Amberg
30.10.2018 - 13:09 Uhr

Grabpflege aus Dankbarkeit

Friedhofsgang und Gräbersegnung gehören seit jeher zu Allerheiligen. Jeder möchte dann gerne ein vorzeigbares Familiengrab haben. Warum eigentlich?

Ursula Amann hat das ganze Jahr über Freude am Friedhofsbesuch und an der Grabpflege, insbesondere an Allerheiligen. Für das Ehepaar Amann ist der Friedhof ein Ort der Ruhe und der Einkehr. Bild: ads
Ursula Amann hat das ganze Jahr über Freude am Friedhofsbesuch und an der Grabpflege, insbesondere an Allerheiligen. Für das Ehepaar Amann ist der Friedhof ein Ort der Ruhe und der Einkehr.

Für Franz und Gabi Moosburger gehört der Samstagnachmittag das ganze Jahr über dem Friedhofsgang und der Grabpflege an der Ruhestätte der Eltern, denn unter der Woche steht das Ehepaar in seiner Metzgerei und findet nicht die nötige Zeit dazu.

Für Allerheiligen wird das Grab dann ganz besonders herausgeputzt, nachdem der Grabstein und die Laterne gründlich gereinigt wurden, das Erdreich aufgefüllt und die Herbstbepflanzung der Sommerbepflanzung gewichen ist.

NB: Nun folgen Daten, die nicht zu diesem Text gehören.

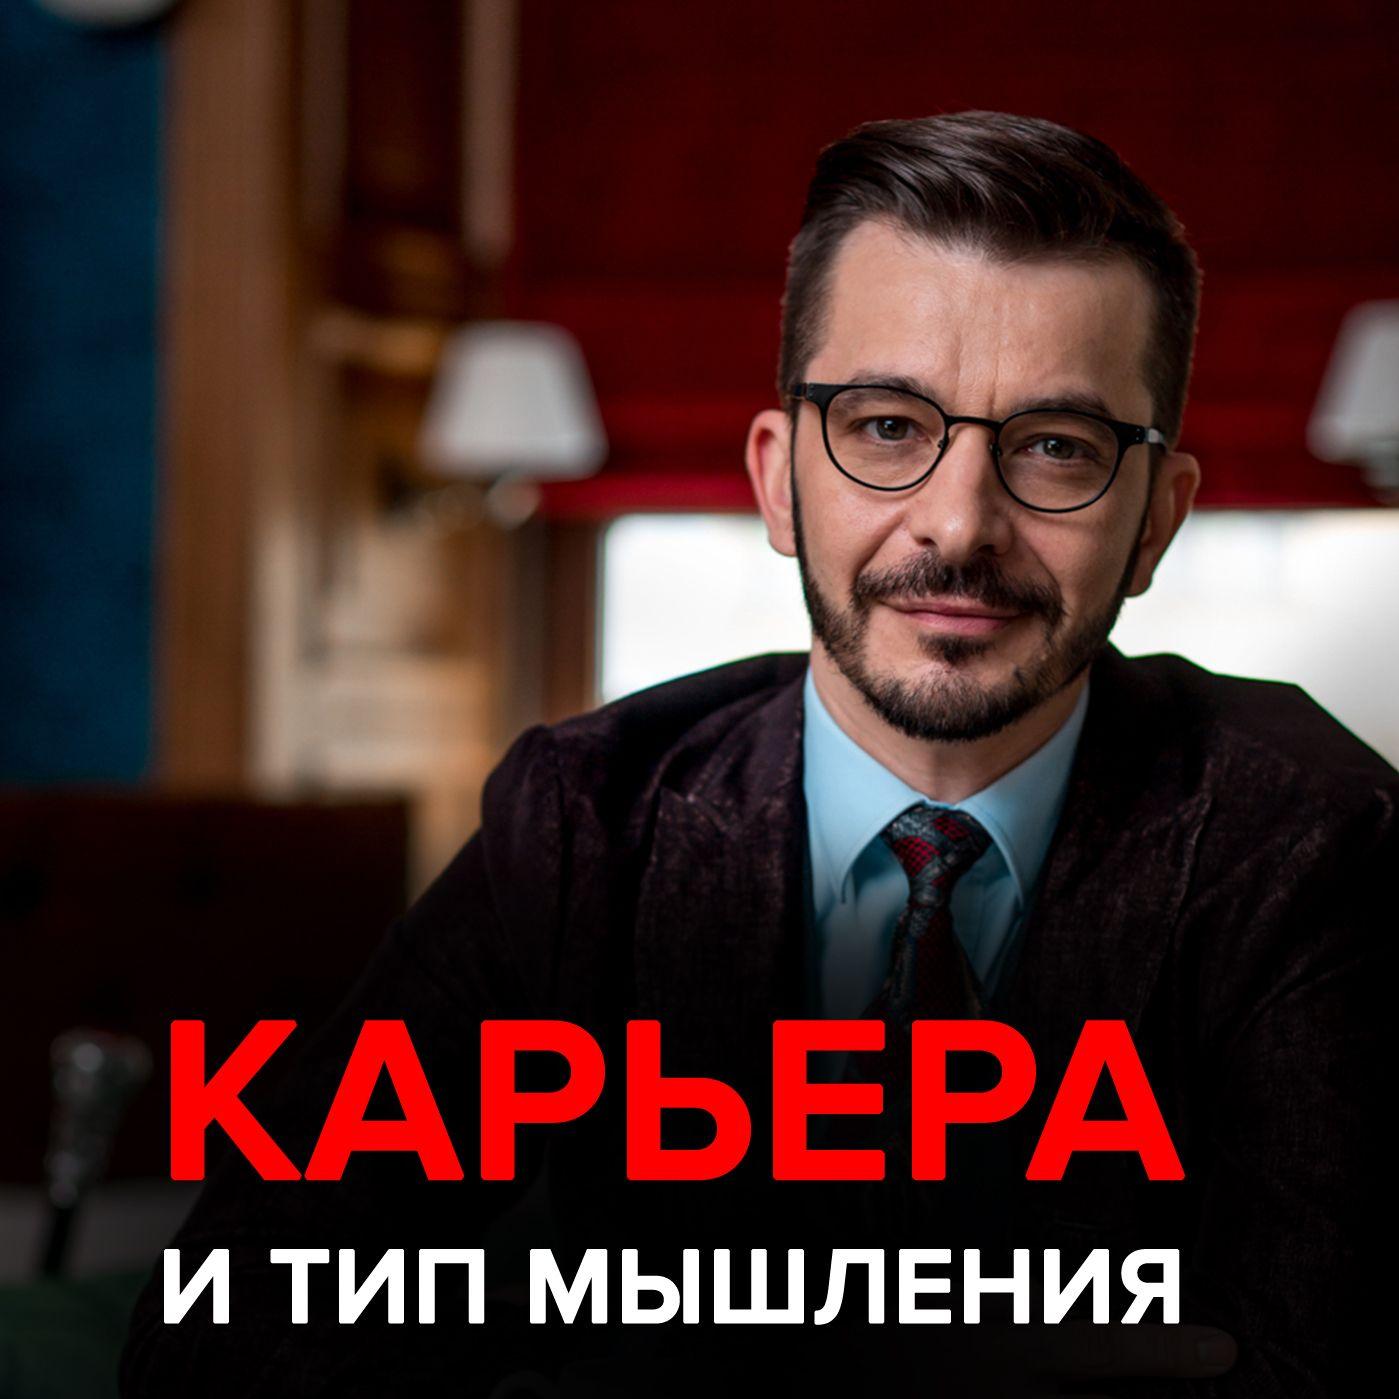 Купить книгу 3 стратегии карьеры: бизнесмены, интеллектуалы и творцы, автора Андрея Курпатова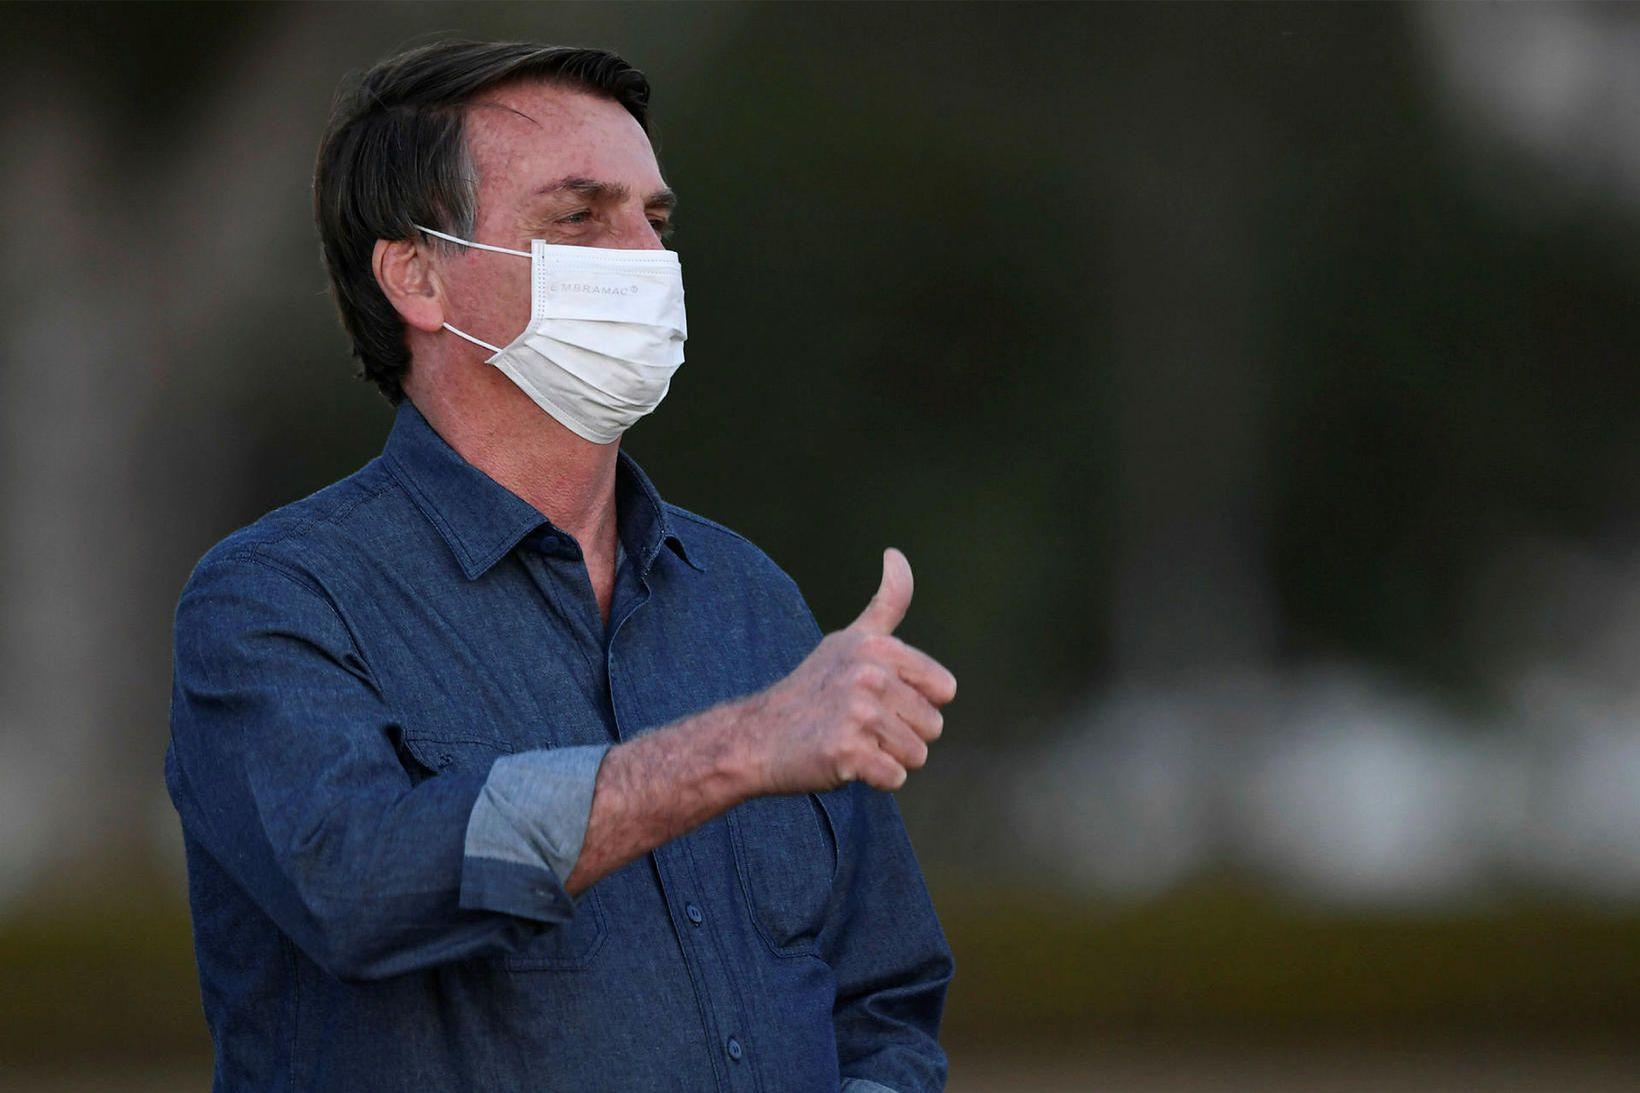 Jair Bolsonaro, forseti Brasilíu, ætlar að taka nýtt próf á …

Das Schmücken der Grabstätte und der Friedhofsbesuch an Allerheiligen gehören für Gabi und Franz Moosburger zur Familientradition, denn die Eltern und Großeltern machten das genauso. "Für uns ist das nicht nur Gedenken an die Verstorbenen, sondern eine gewisse Wertschätzung den Verstorbenen gegenüber und Respekt vor deren Lebensleistung", sind sich Franz und Gabi Moosburger einig.

Im Sommer gießt Rita Kiefer täglich das Familiengrab ihrer Eltern, in dem auch ihr Mann erst vor einem Jahr seine letzte Ruhe fand. Sie legt großen Wert auf die Grabpflege und pflanzt die Grabschale mehrmals im Jahr an. Für Allerheiligen wird alles winterfest gemacht, Stein und Platte gereinigt und die Einfassung mit Kies sauber eingerahmt. Dann kommt ein Gesteck auf die Grabplatte und es wird ein Seelenlicht entzündet.

Rita Kiefer kann sich noch gut an die Allerheiligen-Tage in den 50er und 60er Jahren erinnern, an denen soviel Schnee lag, dass nur eine Kerze entzündet wurde und das Grab nicht mehr geschmückt werden konnte. "Für mich sind das Schmücken des Grabes und der Friedhofsbesuch eine Erinnerung an die Verstorbenen und mehr noch Dankbarkeit für die schöne gemeinsame Zeit, die man mit diesen lieben Menschen verbringen durfte", sagt Rita Kiefer.

Auch wenn Familie Amann das ganze Jahr über das Familiengrab in Schuss hat, verwendet sie doch an Allerheiligen zwei bis drei Stunden, um das Grab besonders herauszuputzen sowie die Herbst-/Winterbepflanzung vorzunehmen. Dass die Familie das Grab gern und liebevoll schmückt, sieht man. Für das Ehepaar ist der Friedhof ein Ort der Stille und Einkehr, ein Ort, den sie gerne besuchen, um dort auch andere Gräber zu betrachten.

"Wenn wir auch das ganze Jahr über durch die Grabpflege und Friedhofsbesuche unserer Verstorbenen gedenken, so doch in besonderer Weise an Allerheiligen - wir empfinden die Pflege dieses Brauchtums als innere Verantwortung unseren Eltern gegenüber", sagen sie. Das Ehepaar besucht an Allerheiligen am liebsten nach Einbruch der Dunkelheit den Friedhof, wenn dieser durch die vielen entzündeten Seelenlichter einem Lichtermeer gleicht. Die Amanns erinnern sich noch an früher, als der Friedhofsgang zur Modenschau wurde, bei der die Damen ihre neuen Wintermäntel präsentierten. Es waren nach ihren Aussagen die Zeiten, in denen Pelzmäntel und -kappen noch Hochkonjunktur hatten.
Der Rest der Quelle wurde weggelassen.